Looking at the tags for any one of those four compositions, you'll find this:
The composer is now front-and-centre: listed as the ARTIST (and secondarily as COMPOSER, where it's there as a piece of politeness more than functionality, since so few players expose or use the COMPOSER tag). The composition name is clear. The conductor and orchestra are clear and distinct, with no muddle about whether they rank similarly to the composer, or should be mentioned as an ARTIST or as an ALBUM ARTIST or maybe both ...and so on. Oh, and track numbers are consistently two digits long, and there are no compound hierarchies of data in one field, nor any forward (or backward) slashes to complicate things.
My tagging of the Janáček recording is similarly efficient:
First, the various suites are split into separate physical folders: the fact that they were supplied on 3 CDs is irrelevant. They count as separate compositions, and it's one folder per composition. Secondly, the folders are spelled correctly. It's Jenůfa, not Jenufa, for example. The use of separate folders also allows it to be obvious when we're dealing with Jenůfa or Mr Brouček.
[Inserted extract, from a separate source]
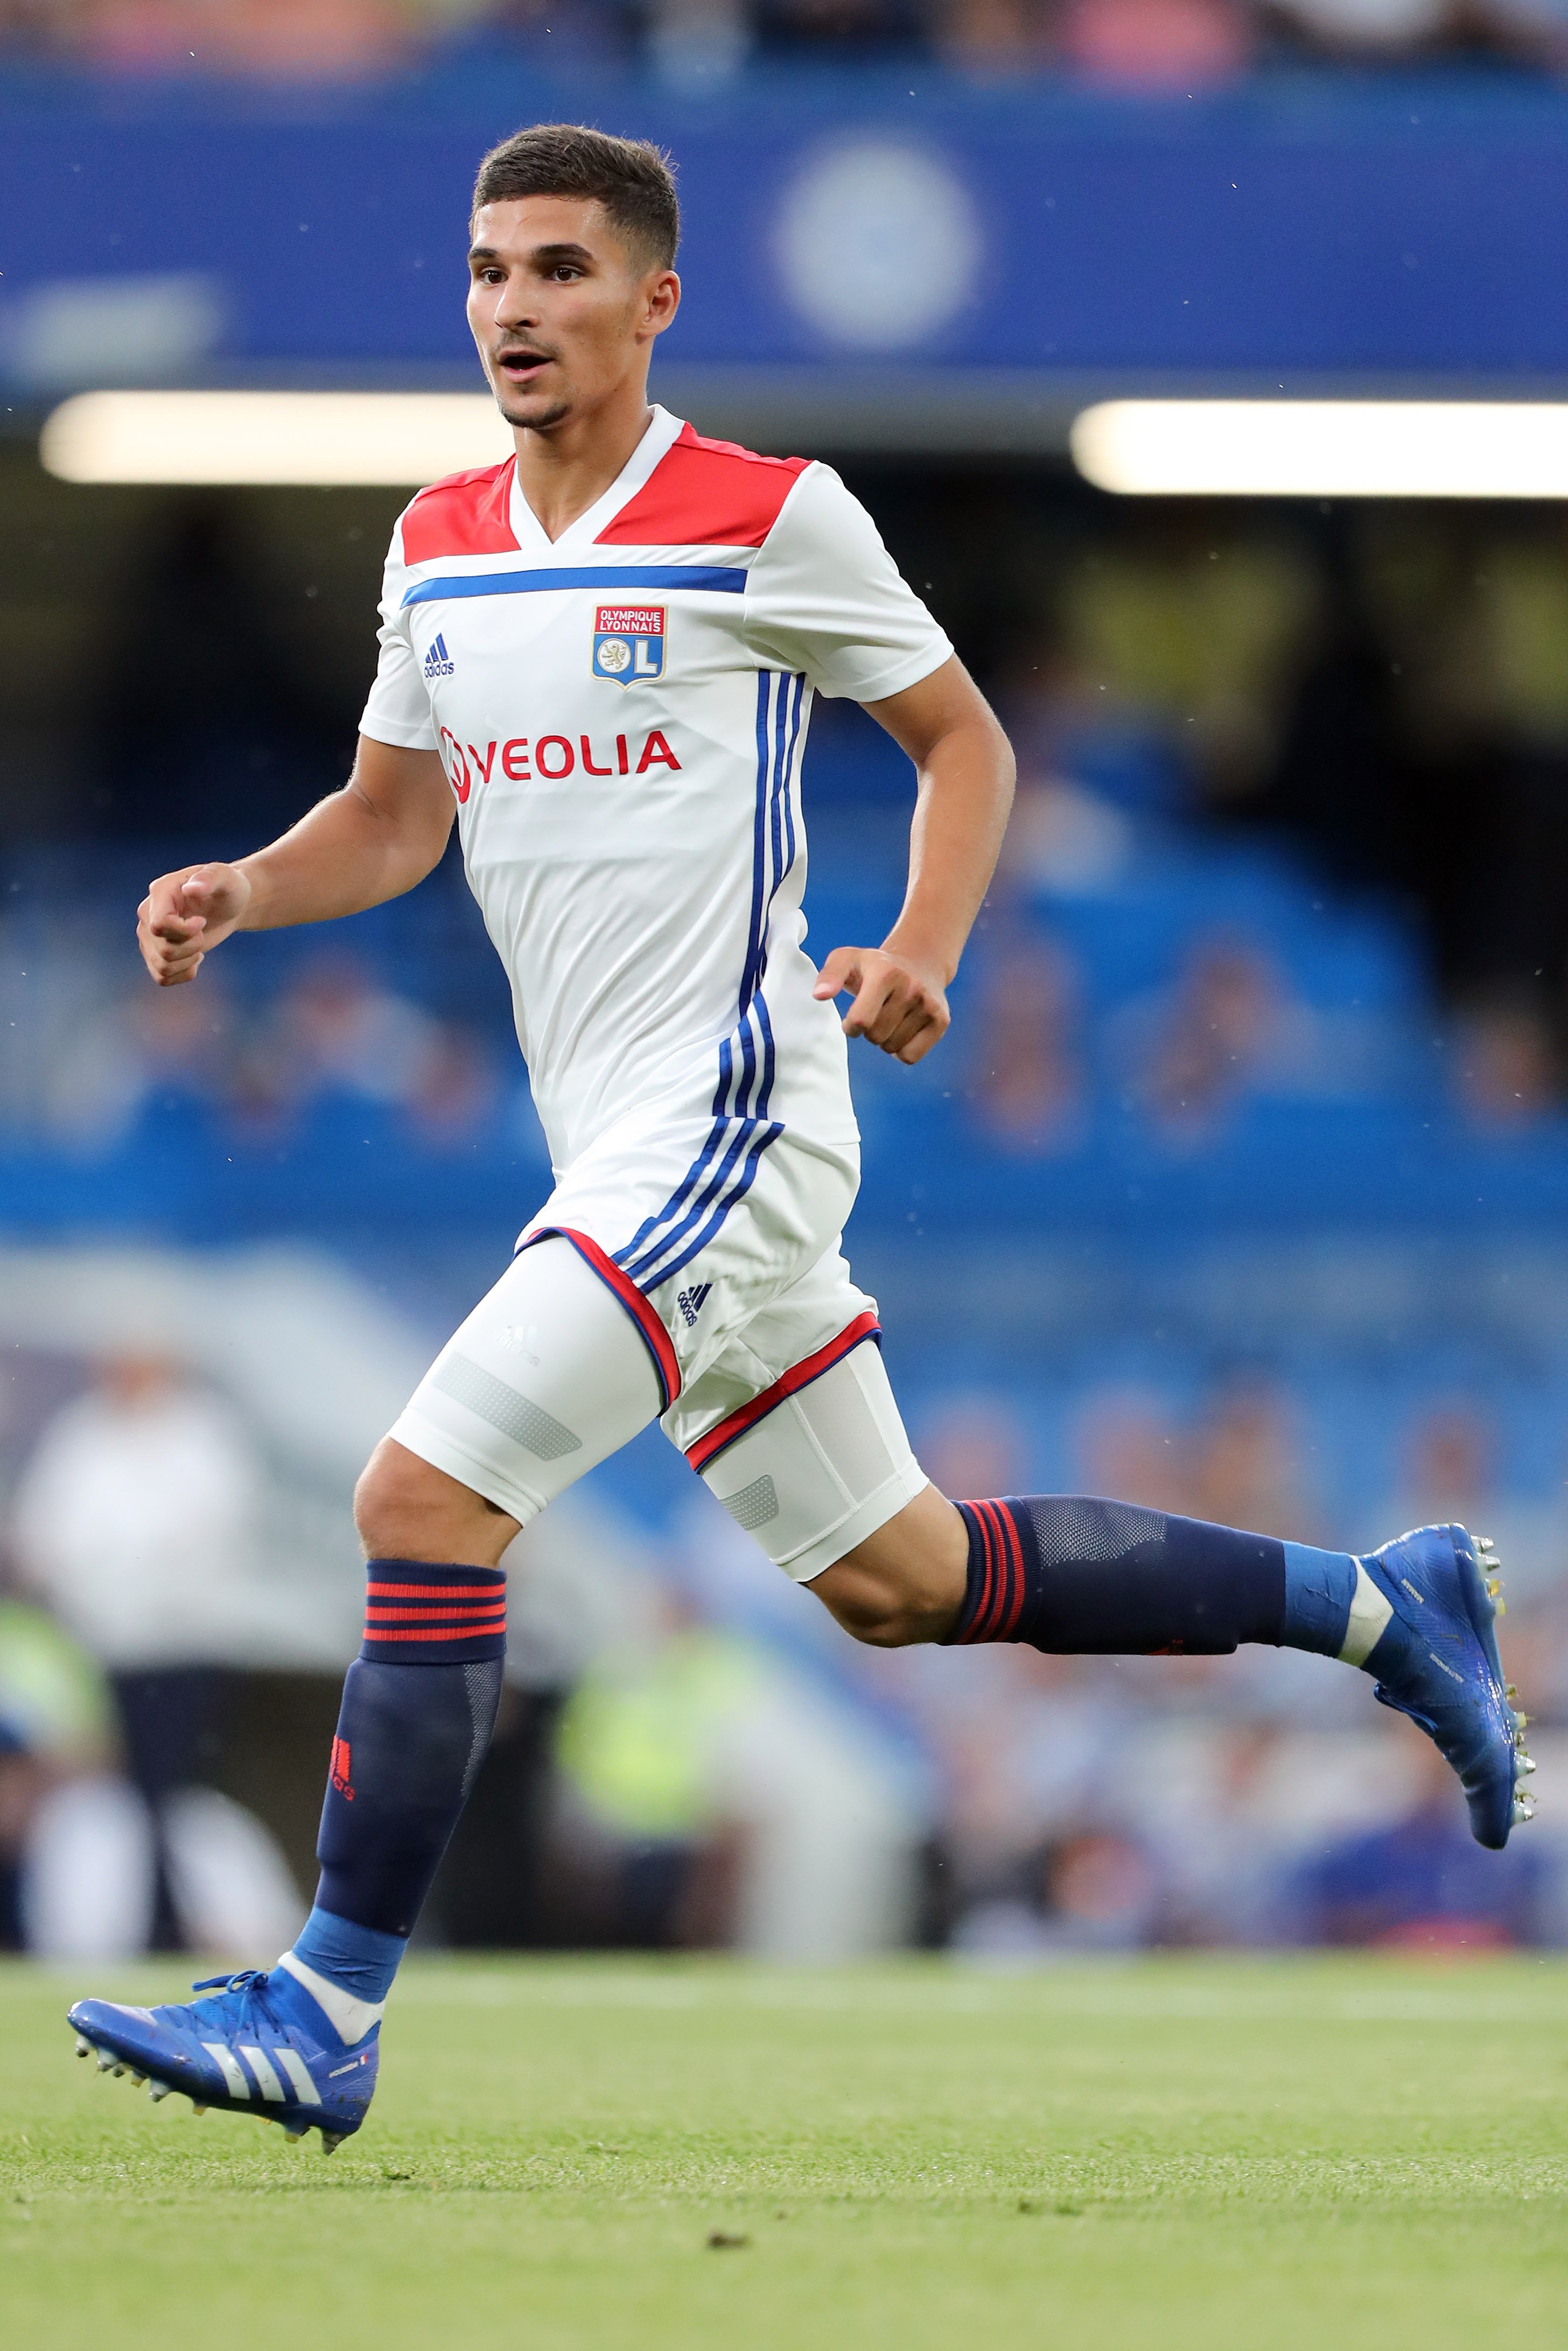 Arsenal close in on Houssem Aouar with Gunners agreeing terms with Lyon midfielder 'two weeks ago'

The tag data is equally clear:
The composer is now correctly identified and has both names spelled correctly. The conductor and orchestra interpreting his work are clearly identified. Two-digit track numbers are in use. There are no unnecessary data hierarchies, and no spurious slashes to chop things up ...and cause grief on the wrong operating systems.
I could go on, but I won't labour the point more than I already have done.
The two original examples of bad tagging came directly from Naxos, via Prestomusic.com. I don't know if it's Naxos that's at fault, or whether Presto do their own bit of tagging on the side... but I suspect it's Naxos. And in that case, they should know and do much better. Their original tag data is utter shite, putting it as politely as I know how. It lacks any understanding of what uniquely identifies this recording of a composition from that one. It shows no respect for composers. It shows zero understanding of the importance of the 'composition'. Indeed, they don't seem to appreciate what a composition is at all! It sticks two giant fingers up to anyone not using the American Latin alphabet. It demonstrates no understanding of how operating systems work. It pays zero regards to basic data information theory.
Now: I was able to correct their abhorrent tagging, and it didn't take me too long to do it. But I shouldn't have had to do it at all!
Lift your game, record companies. If you want to continue selling music to fans of classical music, try showing the bare minimum of respect to that specific audience and the way they think of and organise their music! You don't deserve anyone's money unless you do.